KB: Sometimes I think I’m paying a lot of money for something I’m too busy to do anyway. So practically I’m like ‘Yeah I probably should drop and save all the money.’ But I just went home this morning and I had a conversation with my mom before I left and I was talking to her about this movie I watched last night called Neighbors 2: Sorority Rising or whatever. I was watching it while I was supposed to be editing all these stories. I was trying to multitask. But in the movie they make this point that sororities aren’t allowed to party, and the girls going through recruitment are like ‘What are you talking about?’ And Selena Gomez is like ‘No actually for real though.’ And I was talking to my mom about that. Like I think that that is so ridiculous that boys can do whatever they want and throw parties or whatever, and girls have to leave the safety of their homes and go seek that out somewhere else. I guess sometimes when I think about it I’m like ‘Yeah this definitely is a system of oppression still that I am a part of.’ I question it sometimes. I haven’t dropped yet though, so I don’t know what that says.

AB: Yeah when Neighbors 2 came out I saw Seth Rogan on one of those late night interviews and he was like ‘yeah this is a real thing!’ And it was so shocking to him. 

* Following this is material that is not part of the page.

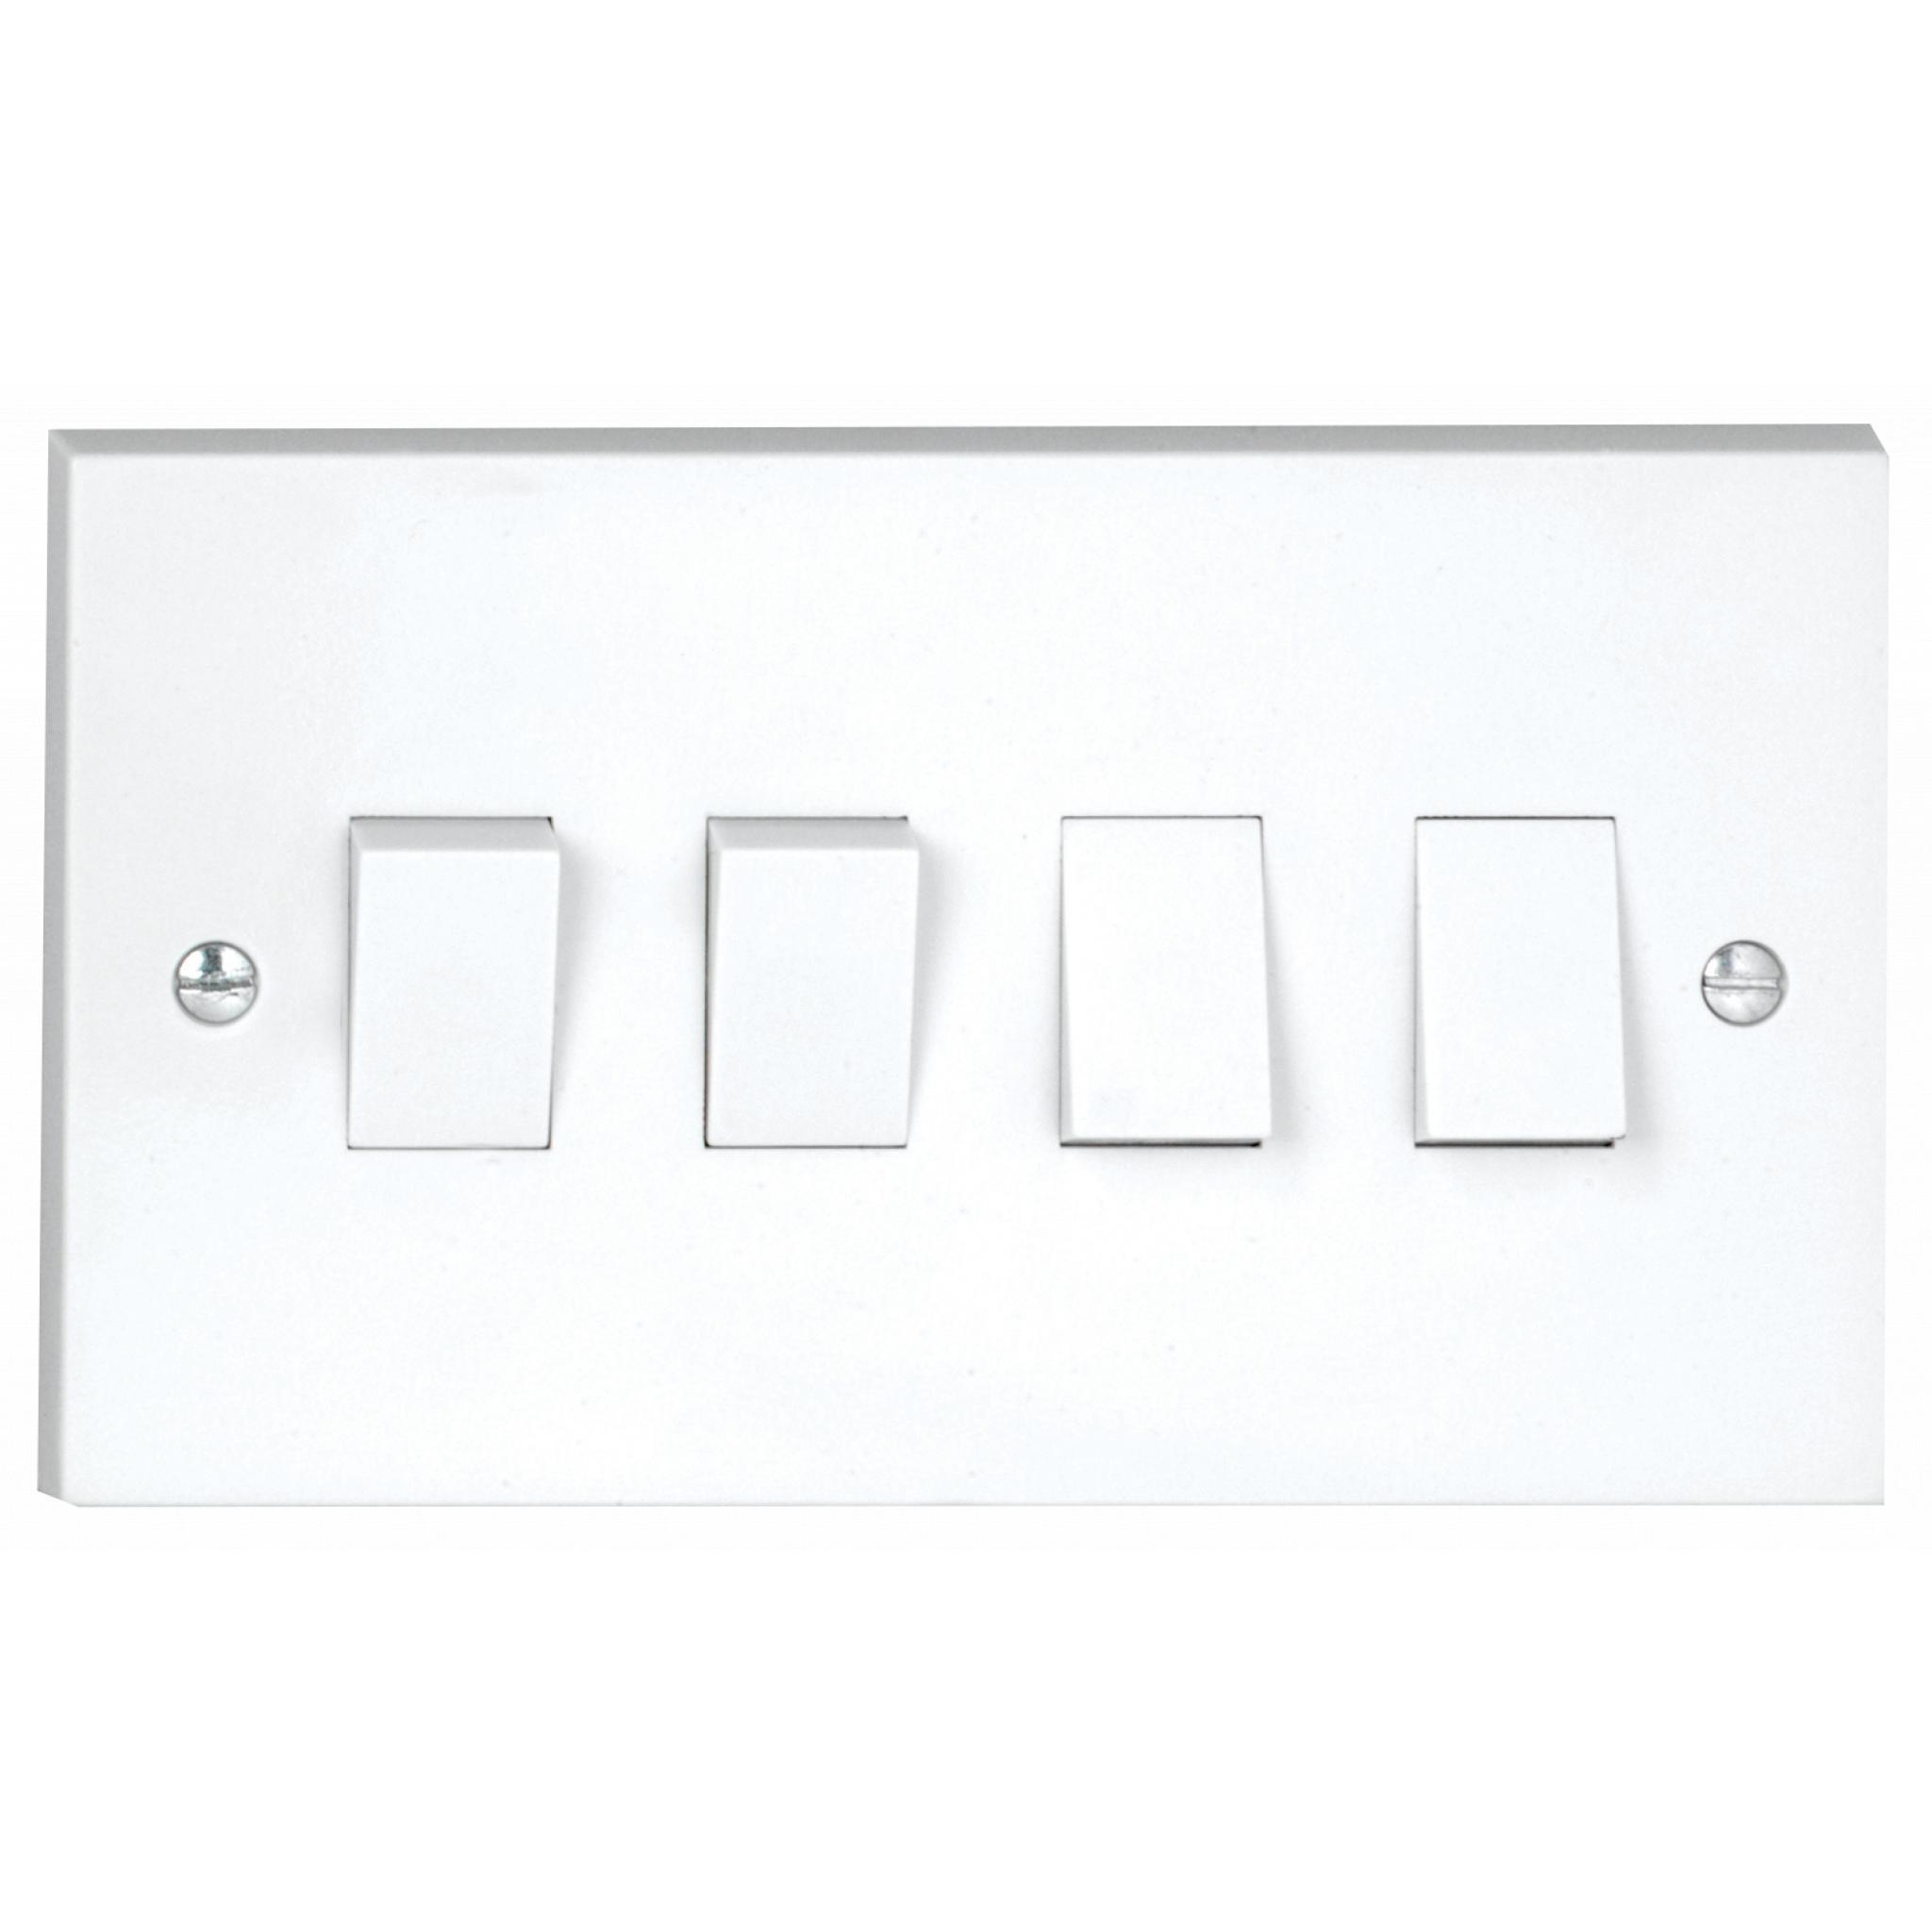 10A 4G 2W Switch

KB: Yeah that’s the thing. And I guess when I — like it wasn’t ever shocking to me. Going in I knew sororities can’t have parties, but fraternities can. And just the understanding of boys are willing to take those risks and of course girls have to keep their houses clean and it’s so dirty and girls don’t want to be drunk like that, blah blah blah. And it made sense for a while, but now I’m like ‘Oh what the heck nu-uh’ because we’ve got all the sexual assaults that happen. I don’t know. It wasn’t shocking to me that sororities can’t party. But it was shocking that so many people didn’t know. I just thought everybody knew that.

AB: How has your relationship with your mom changed as your world view has changed?

KB: We definitely hit a lot of rocky spots like senior year of high school and freshman year of college because she was, I think, she was just confused about who I was or what I wanted. Which i mean I was confused so that’s understandable. So it was rocky and we fought a little bit, but I think as I have kind of journeyed to the spot where I’m at I’ve kind of included her in that by having phone conversations and calling her and telling her what I’m thinking. And so it’s not just like I left, and I changed a whole lot, and I came back, and she’s like ‘Who are you?’ But I left and was changing, and we stayed in contact. And so I think that the change has been good. We’re much more open with each other. We talk about everything. And I think for her personally the things that she believed prior to kind of having an avenue to see what different can be, I think that she’s been able to open up her mind to how she deserves to be treated and what she is personally capable of and how smart she is and what she can do independently. So I think it’s been really good, the changes that we’ve had.